Can I rely on dividend income? ›

If you want to generate income that's truly passive, consider dividend investing. While relying on cash payouts from a stock portfolio is a common strategy for those nearing and in retirement, anyone can build an equity income portfolio, says Brian Bollinger, president of Simply Safe Dividends.

What stock pays the highest dividend? ›

20 high-dividend stocks
CompanyDividend Yield
Franklin BSP Realty Trust Inc. (FBRT)11.60%
Angel Oak Mortgage REIT Inc (AOMR)11.58%
Altria Group Inc. (MO)9.79%
Washington Trust Bancorp, Inc. (WASH)9.16%
17 more rows
Apr 17, 2024

Will I get dividend if I buy on margin? ›

Margin Funding (MTF) Pay Later

Yes, you will be eligible to receive any dividend paid by the company as long as the stock was held by you on the specified record date. *Please note Brokerage would not exceed the SEBI prescribed limit.

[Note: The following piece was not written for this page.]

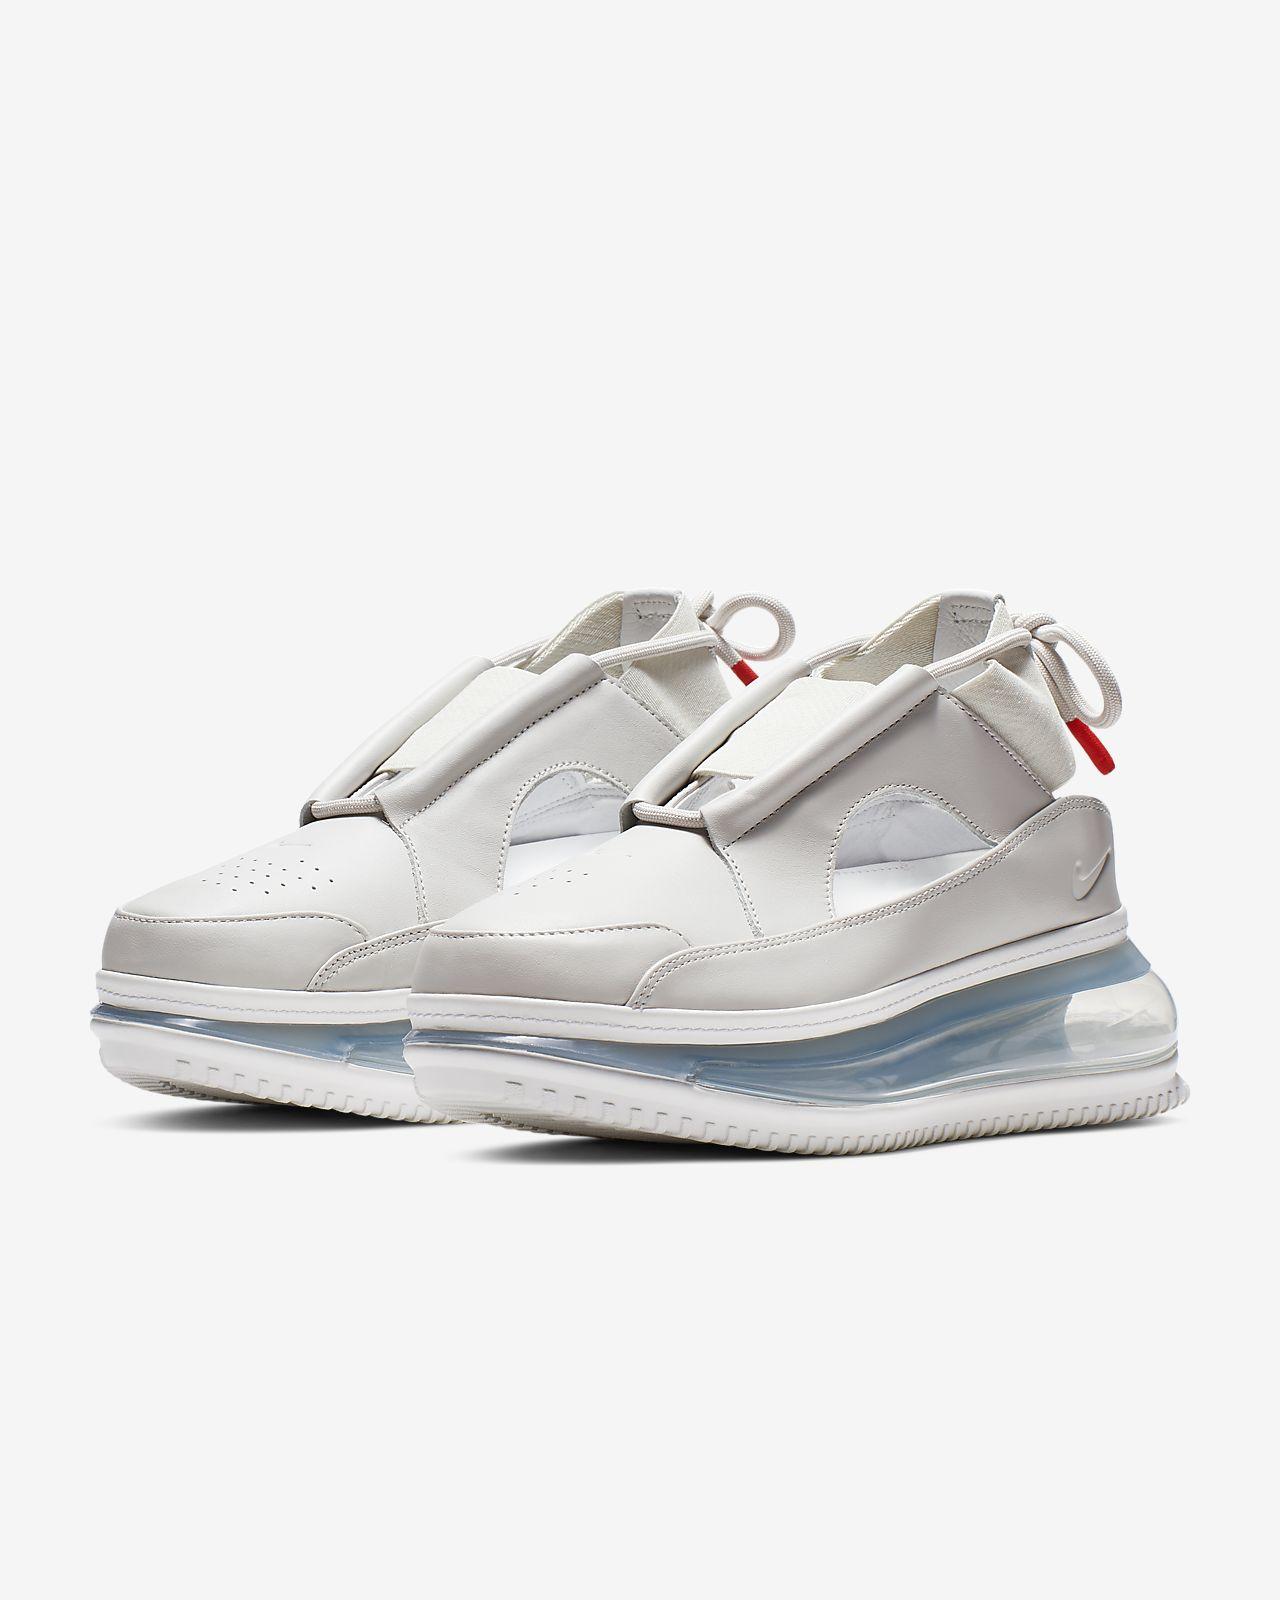 Max 720 Chaussure Air Pour Femme Nike Ff qSUGzVMp

Can you get paid dividends on margin? ›

Yes, you are eligible to receive dividends even in margin trading. When you hold shares in your account, it does not matter whether you paid cash to acquire them or borrowed half of the money from your broker.

Can you get dividends on margin? ›

Caution: Where a margin account holds dividend-paying stock, certain considerations apply. Qualified dividends paid to individual shareholders from domestic corporations (and qualified foreign corporations) are taxed at long- term capital gains tax rates rather than as ordinary income.

Is it smart to only invest in dividend stocks? ›

Dividend investing can be a great investment strategy. Dividend stocks have historically outperformed the S&P 500 with less volatility. That's because dividend stocks provide two sources of return: regular income from dividend payments and capital appreciation of the stock price.